Quantum optical cavities for characterisation of single photon emitters as probes of biochemical activity and single-molecule lasers

Project Description:

Optical microcavities are important for many applications such as lasers, metrology and biosensing. Optical microcavities confine a light beam into a box, example for this is a Fabry-Perot cavity build by two opposing micro-mirrors. By adding a metal nanostructure to the box, the local light field can be dramatically enhanced, which potentially achieves the strong coupling between microcavity and single molecules. A light-driven metal nanoparticle exhibits the so-called localized surface plasmon resonance (LSPR), at which the electromagnetic (EM) field is confined with a region much smaller than the cube of light wavelength, exceeding the refraction limit. The resulting enhancement factor of the local EM field can be as high as 103. Placing a single-molecule quantum emitter within this region strongly raises the emitter-photon coupling strength as well as the sensitivity of a sensor [1-3]. Such an optoplasmonic device composed of optical microcavity, plasmonic nanostructure and single molecule has been utilised for the single molecule sensing [1]. In this project you will take the next step and develop the optoplasmonic approach to study the photons emitted by single molecules attached to the sensor. The resulting quantum optical probe for analysing single photons characteristics emitted from single-molecule biochemical activity has important applications in biosensing and for realising single-molecule lasers. Also, the techniques for analysing single-photon correlations and statistics have important applications in imaging.
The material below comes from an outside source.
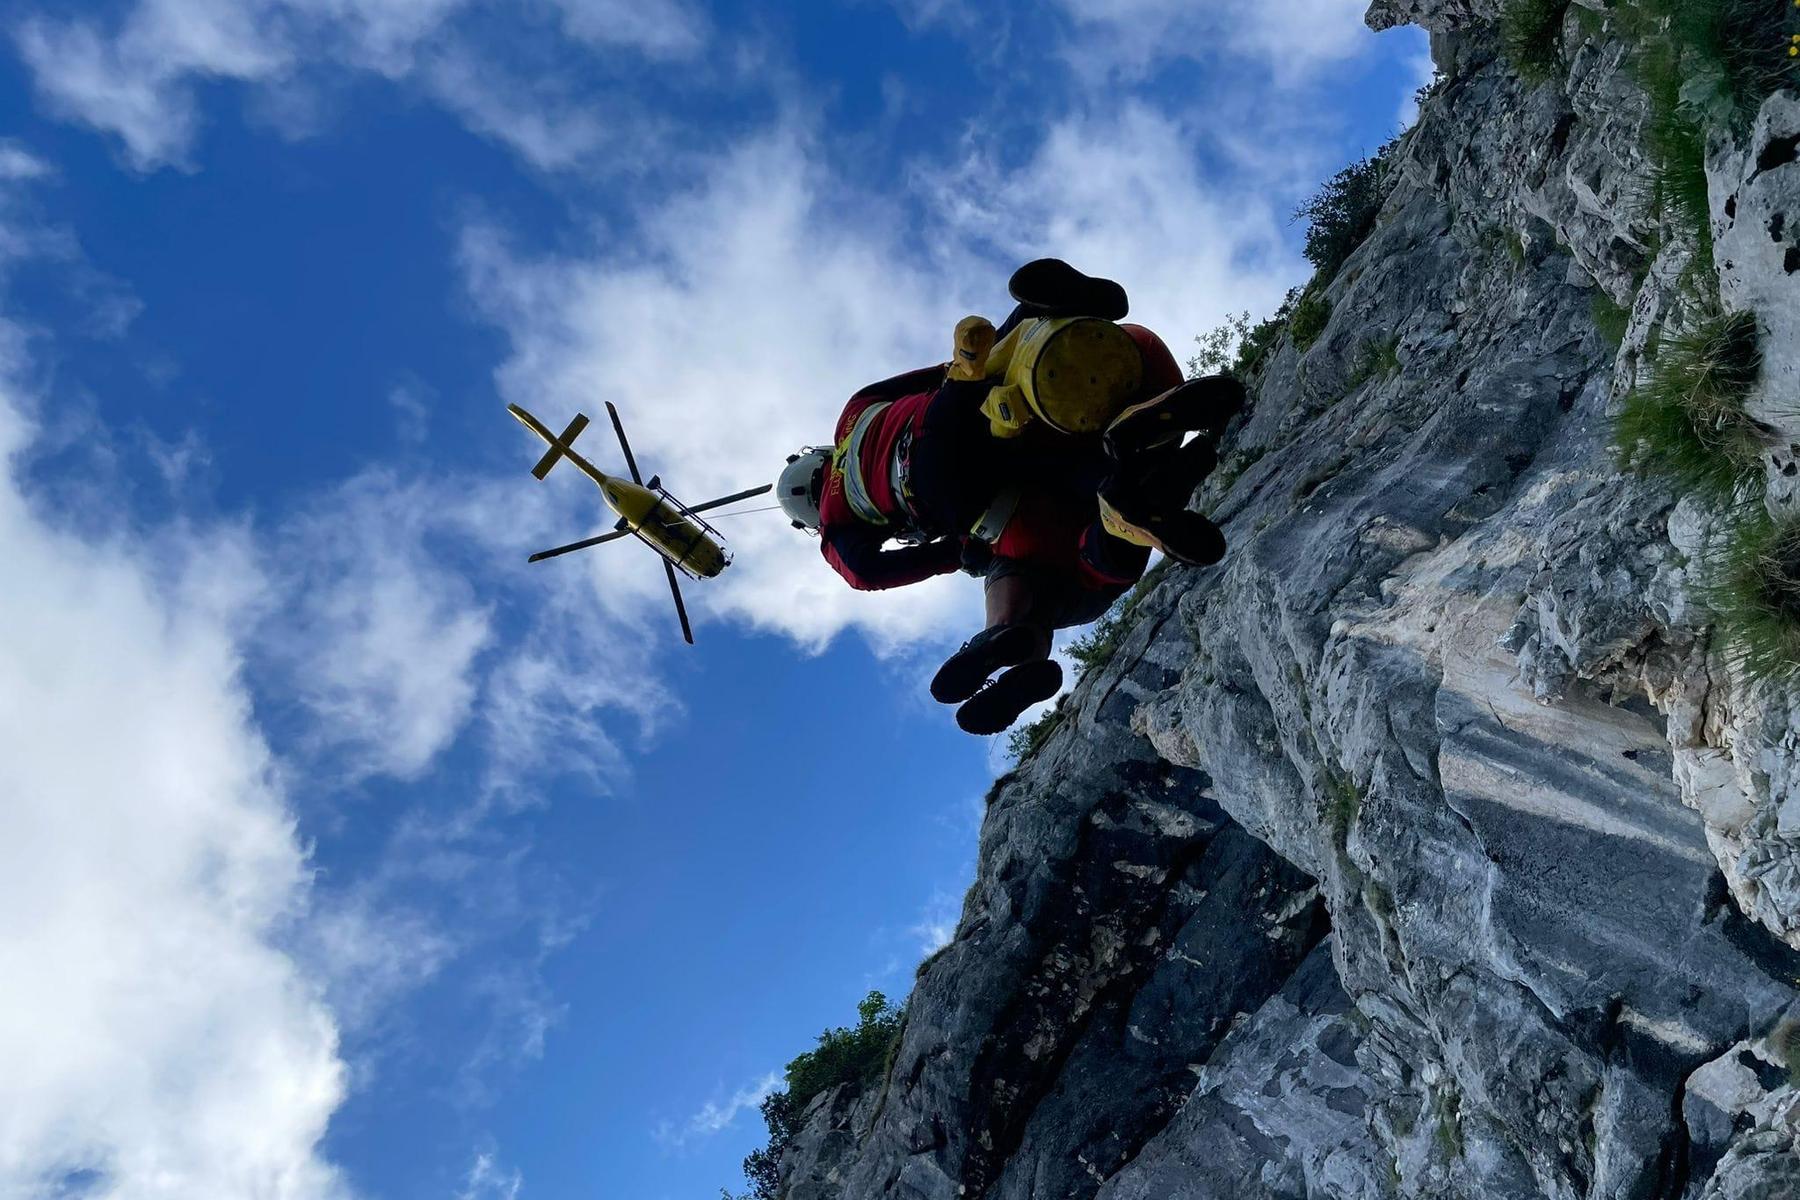 Gesäuse: Akute Steinschlaggefahr: Wanderer mit Hubschrauber vom Berg geholt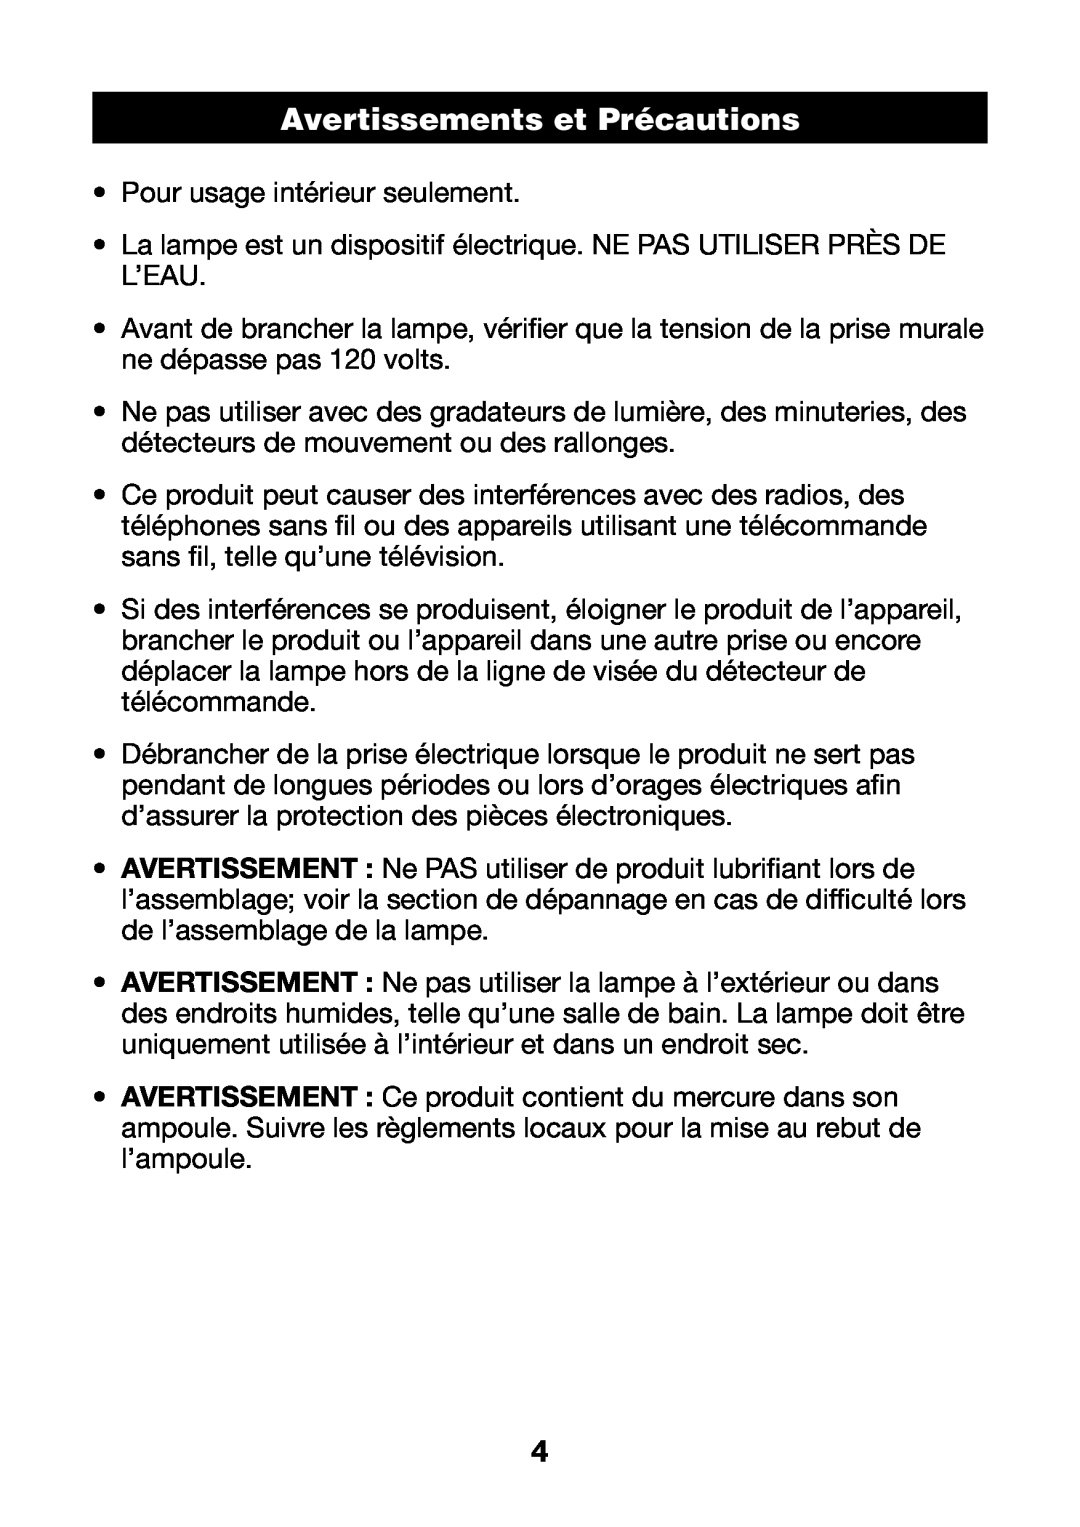 Verilux PL04 manual Avertissements et Précautions

The project aims at the implementation and quantum optical characterization with optimized parameters of a single-biomolecule photon source for biochemical sensing, and imaging applications. Optoplasmonic Whispering Gallery Mode (WGM) optical cavities with very high quality factors will be designed and fabricated to realize the reliable and robust collection and characterisation of emitted single photons from single molecules. The study will also extend into the possible tuning and optimization schemes for the integrated sensing of biochemical activity at the single-photon and single molecule level, and approaching single-molecule laser device characteristics. The present experimental research project involves supporting theoretical studies for the design of optimized cavities and derivation of fundamentally new analysis of single photon correlations from single molecules operated in the lasing regime of an optoplasmonic sensor. Further, with the implementation of photon statistics analysis of the quantum optical single-molecule source, the project also explores novel approaches for quantum spectroscopy and imaging of chemical activity based on quantum-correlated-photon-based detection schemes.

Well-motivated physics or engineering students with a passion for applied quantum optics and with a quantum optics background will be desirable for the present cutting-edge doctoral research project. The project is experimental but also has a strong theoretical component. You will work as part of a team of physicists, electrical engineers, and biochemists. For more information see Vollmerlab.com

References:
[1] Martin D. Baaske, Matthew R. Foreman and Frank Vollmer, Nature Nanotechnology 9, 933 (2014).
[2] Baaske and Frank Vollmer, Nature Photonics 10, 733 (2016).
[3] Eugene Kim, Martin D. Baaske, Isabel Schuldes, Peter S. Wilsch, and Frank Vollmer, Science Advances 3, e1603044 (2017).